Допрос с записью в протоколе ничего не добавил. Тем же вечером несчастного управляющего отпустили.
Войдя в квартиру, Штур почувствовал доносившийся с кухни запах яблочного пирога. А вот выпорхнула, одетая в праздничное, сама хранительница очага:
— Переодевайся — и к столу.
Приподнятое настроение, живость движений и яблочный пирог, конечно, выдали ее с головой — пришел в гости Евгений, сын. От домашнего уюта, приветливого голоса жены и ожидаемой встречи с сыном стало легко и спокойно. Переодевшись и вымыв руки, Штур зашел на кухню, поздоровался с сыном. Вернулась жена, неся бутылку кагора. Раскладывая по тарелкам еду, скомандовала:
— Открывайте и разливайте! Мужчи-ны-ы-ы, живей!
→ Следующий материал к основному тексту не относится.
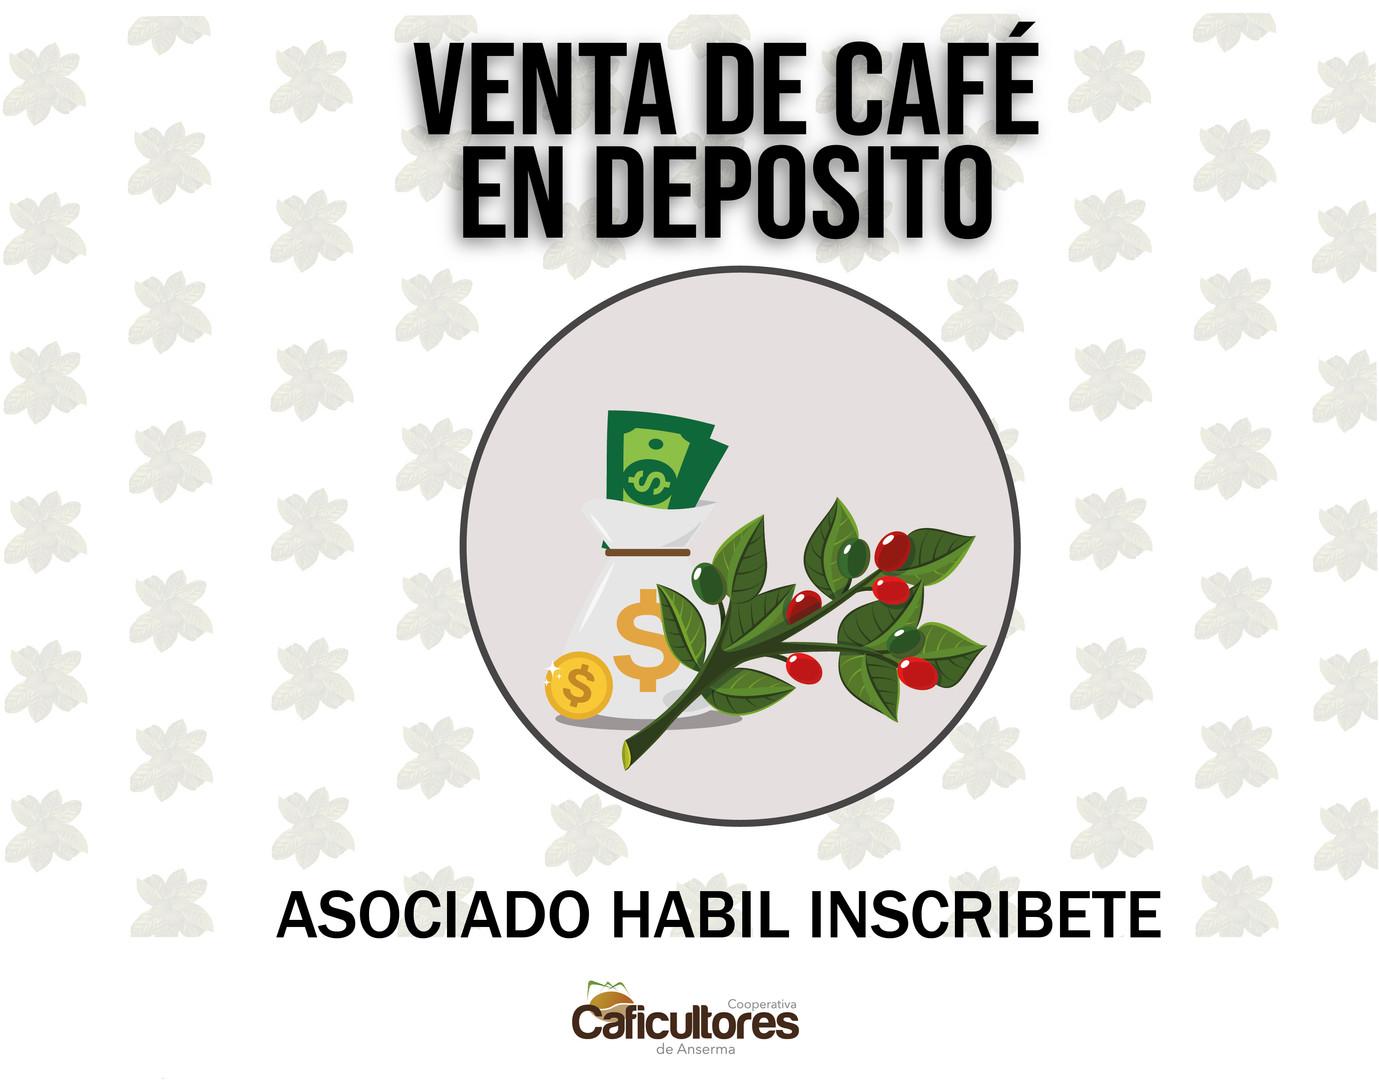 venta de cafe en deposito.jpg
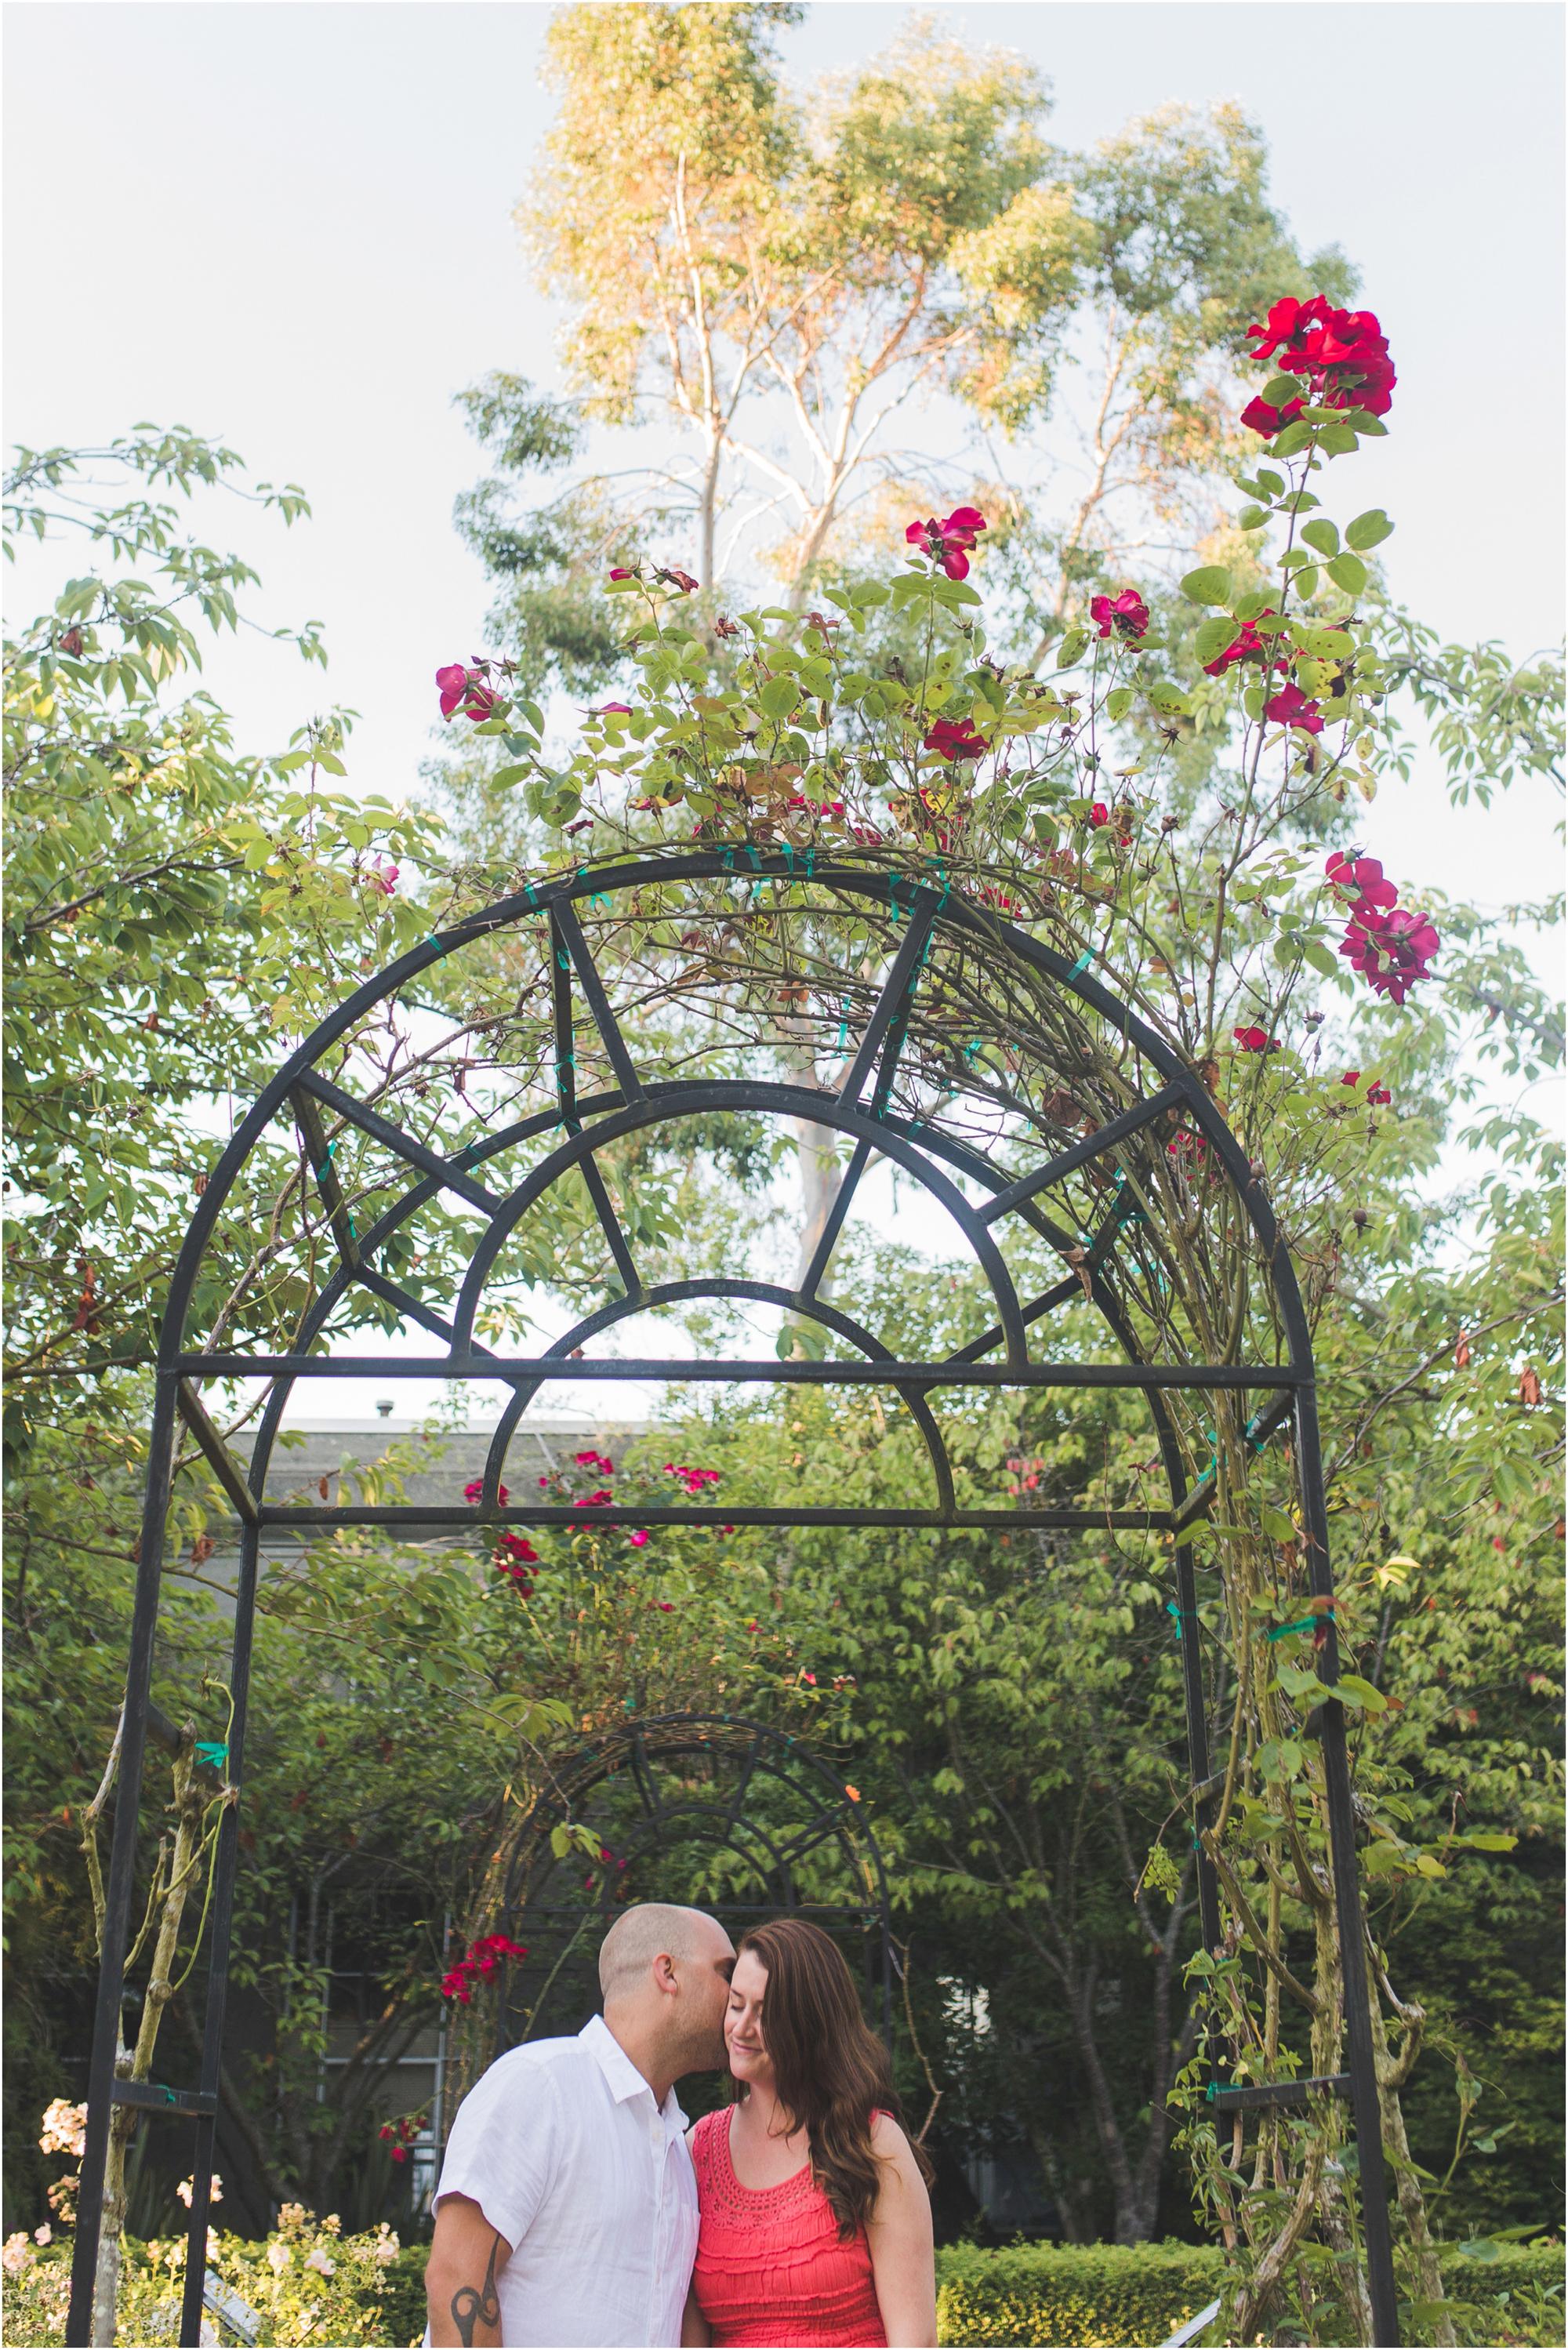 ashley vos photography seattle tacoma area engagement and wedding photographer_0426.jpg

За столом Клавдия не сводила влюбленных глаз с Евгения, все время ему что-то подкладывала, подливала. Вениамин Аркадьевич сына тоже, конечно, любил, даже гордился им, но столь откровенное проявление чувств считал не то чтобы совершенно неуместным, но в данном случае излишним. Он молча слушал рассказ сына и молча ему сочувствовал.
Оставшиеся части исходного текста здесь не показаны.